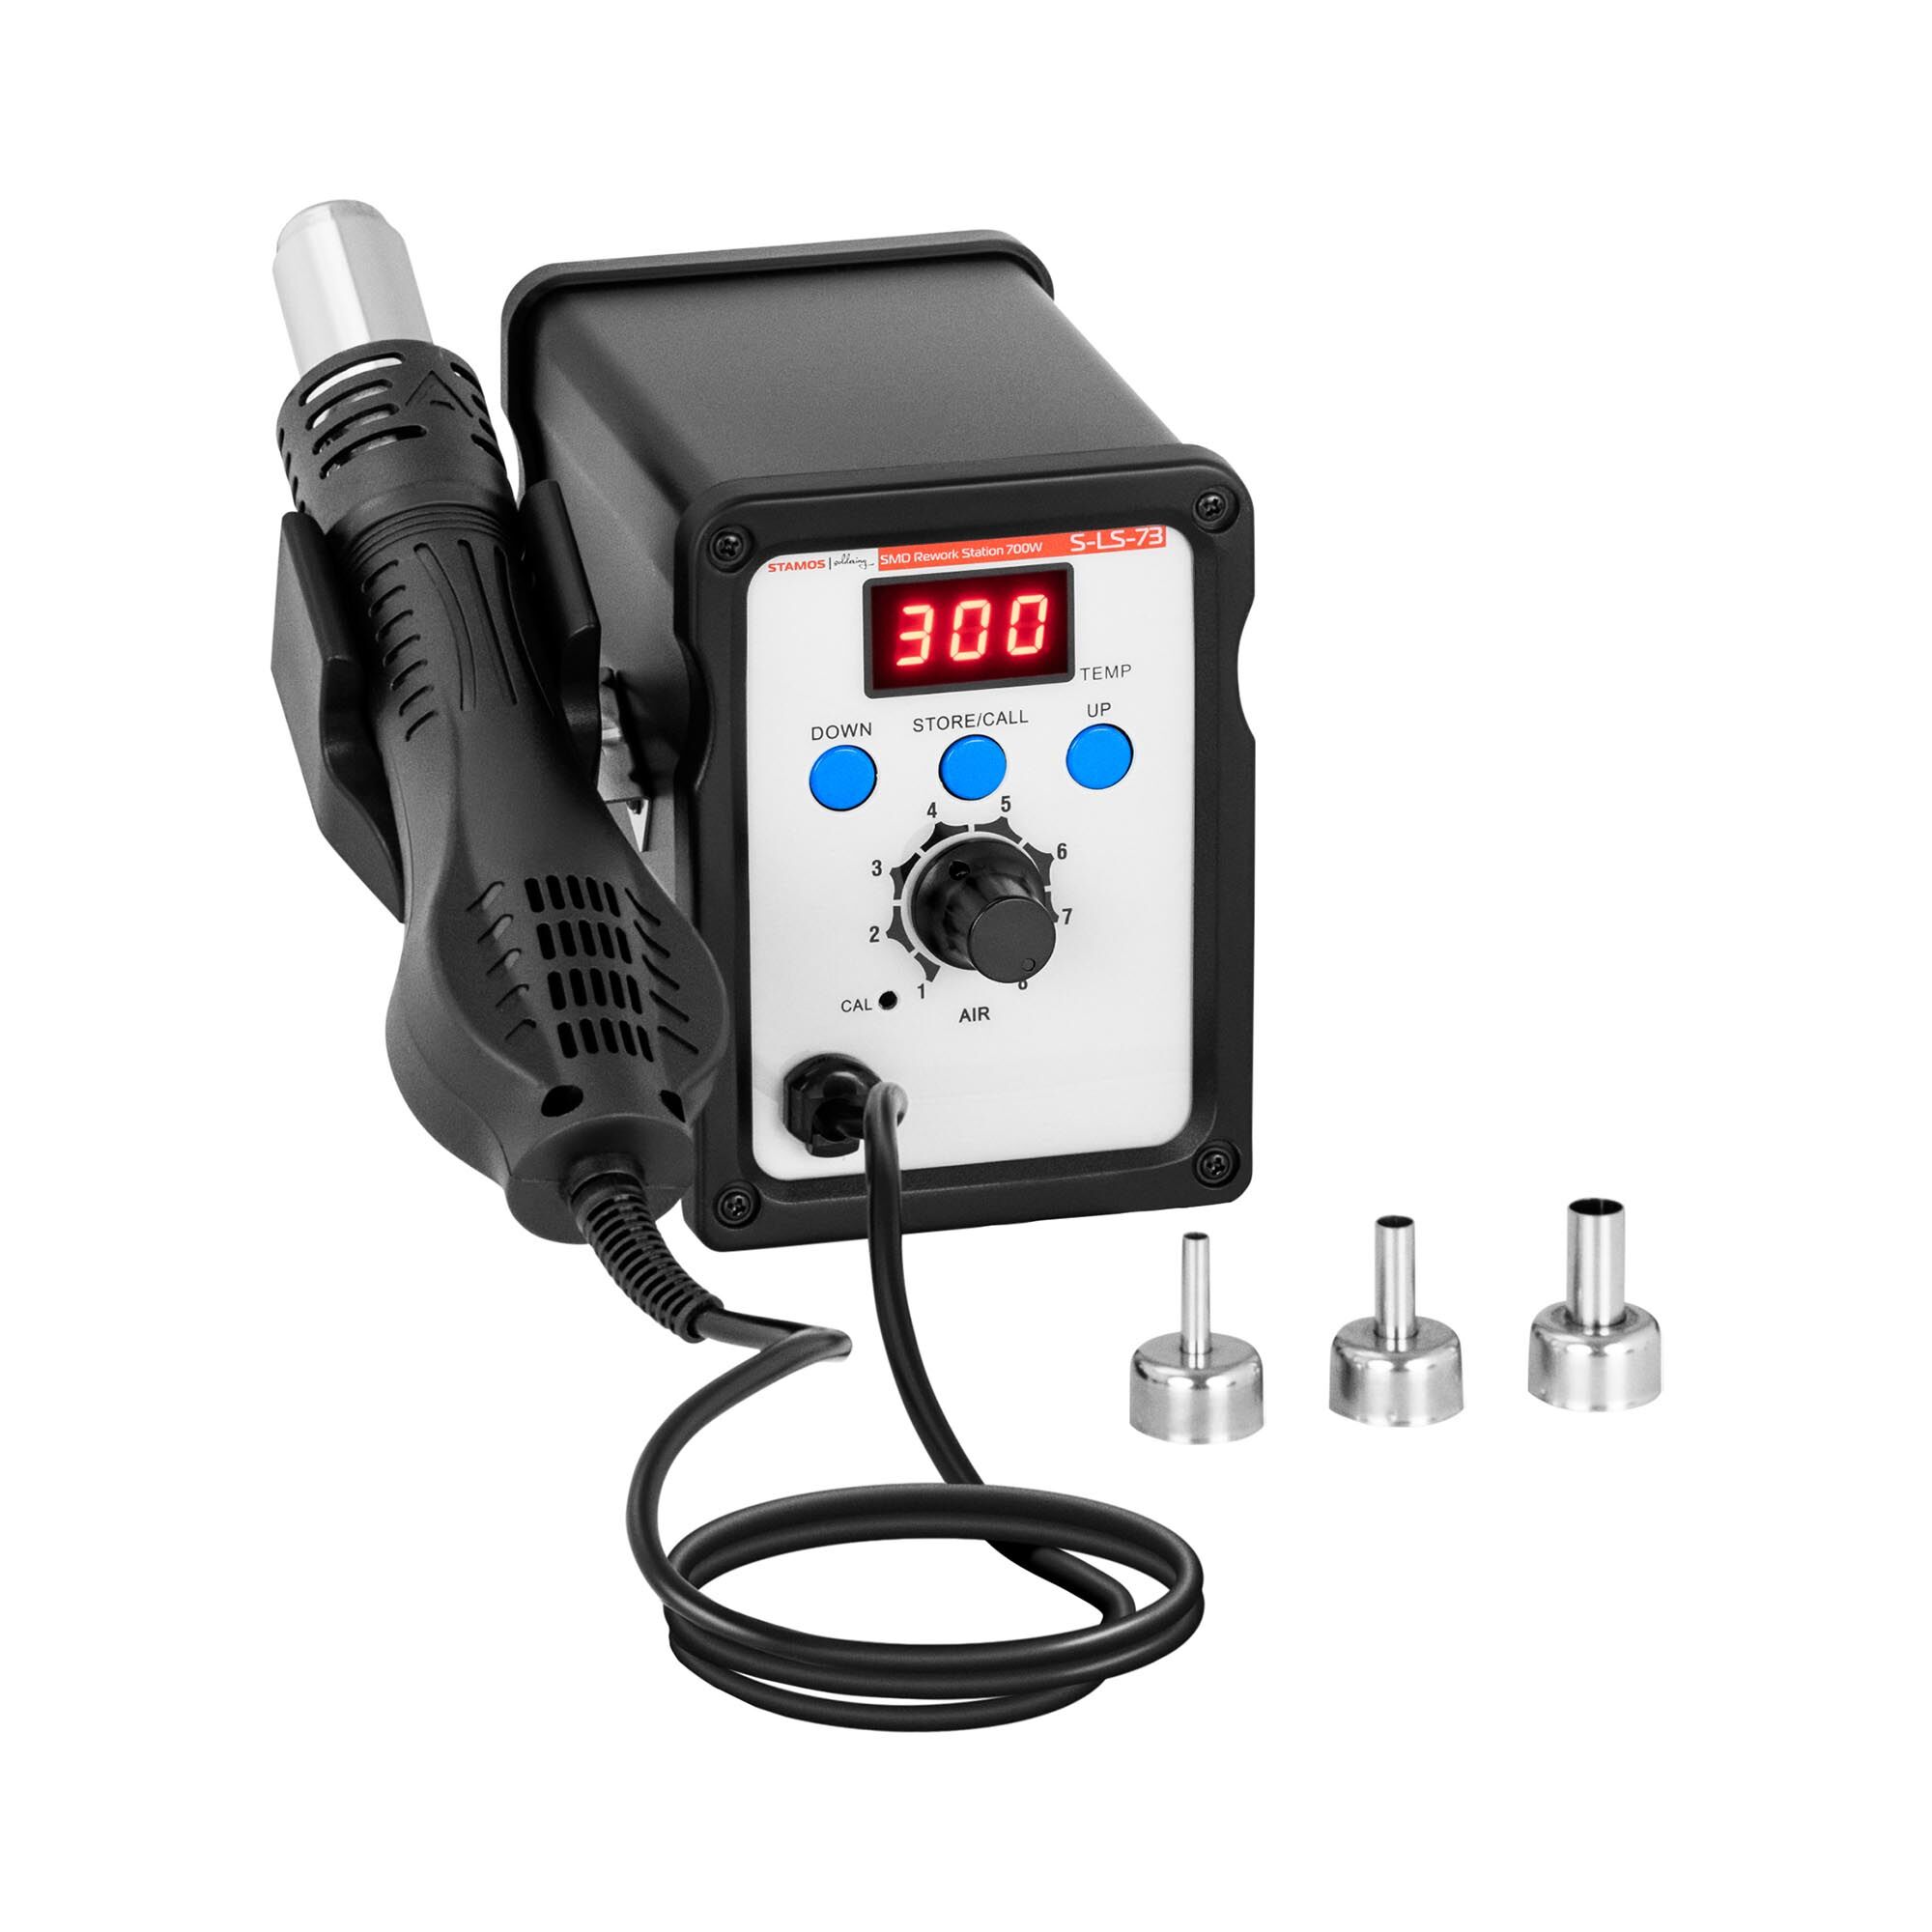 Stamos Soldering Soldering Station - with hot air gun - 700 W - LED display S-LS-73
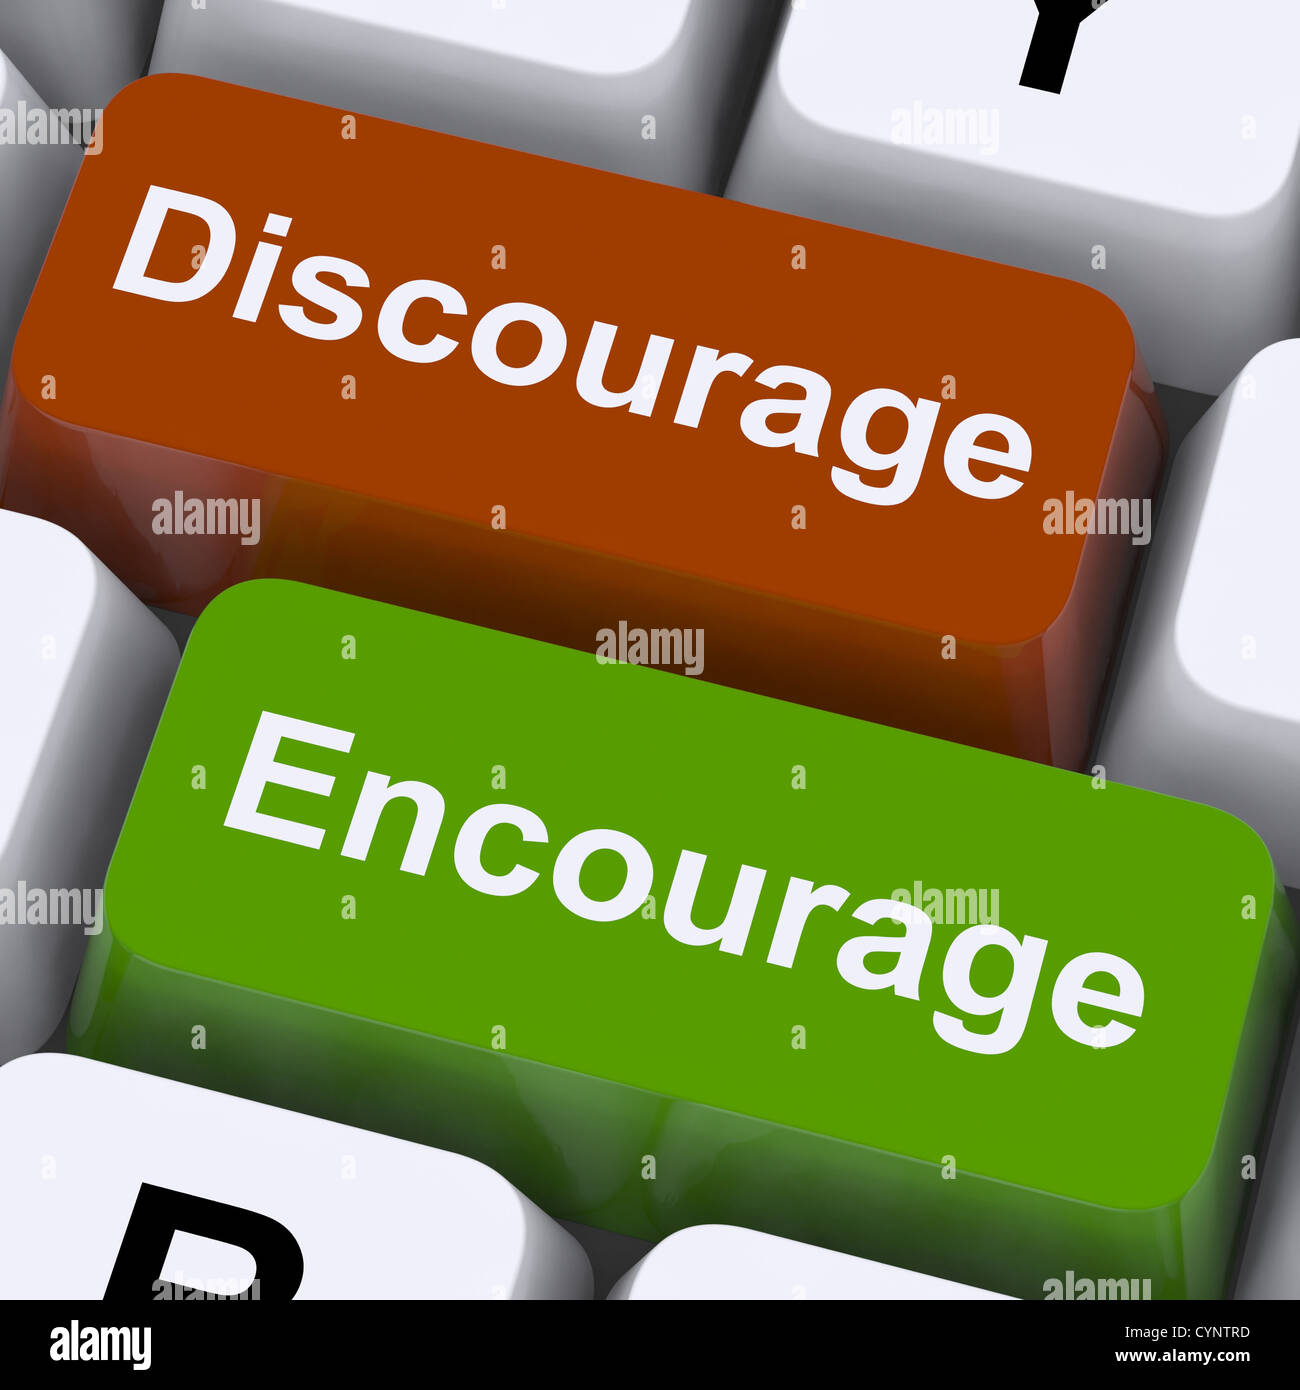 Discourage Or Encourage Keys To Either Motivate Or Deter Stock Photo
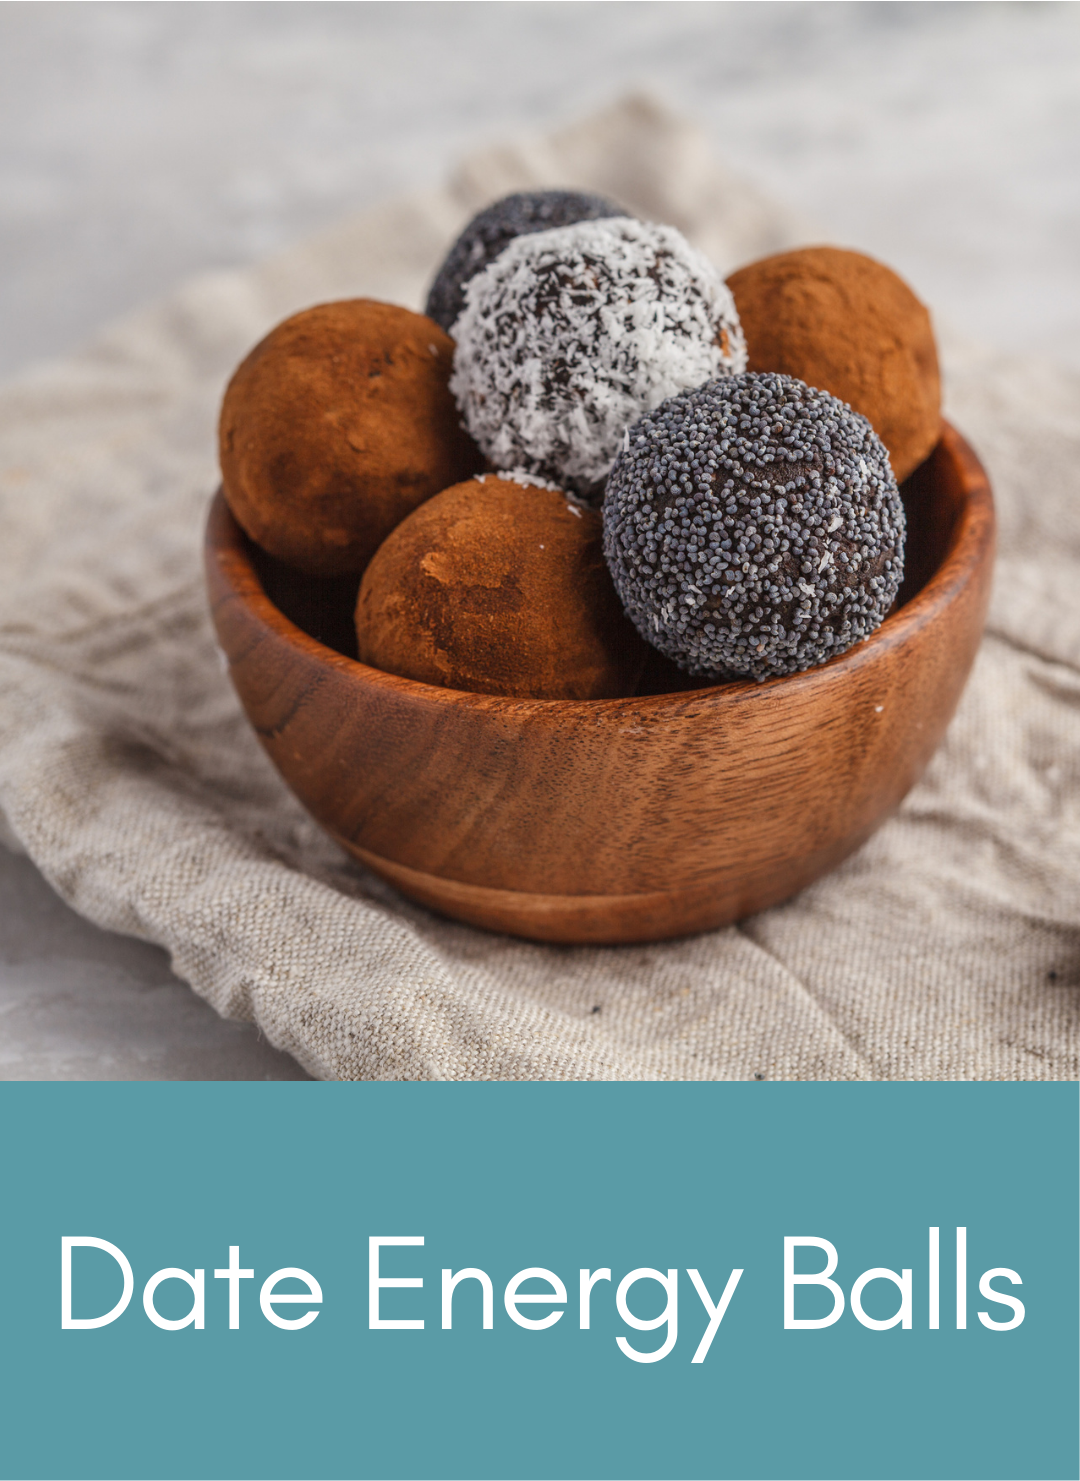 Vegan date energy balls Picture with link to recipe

◆ **Exercise directions**:
For this exercise, write the listing out again exactly, excluding all images.

◆ **Response to this exercise**:
 Stamos Soldering Soldering Station - with hot air gun - 700 W - LED display S-LS-73
 Discourage Or Encourage Keys To Either Motivate Or Deter Stock Photo
 Vegan date energy balls Picture with link to recipe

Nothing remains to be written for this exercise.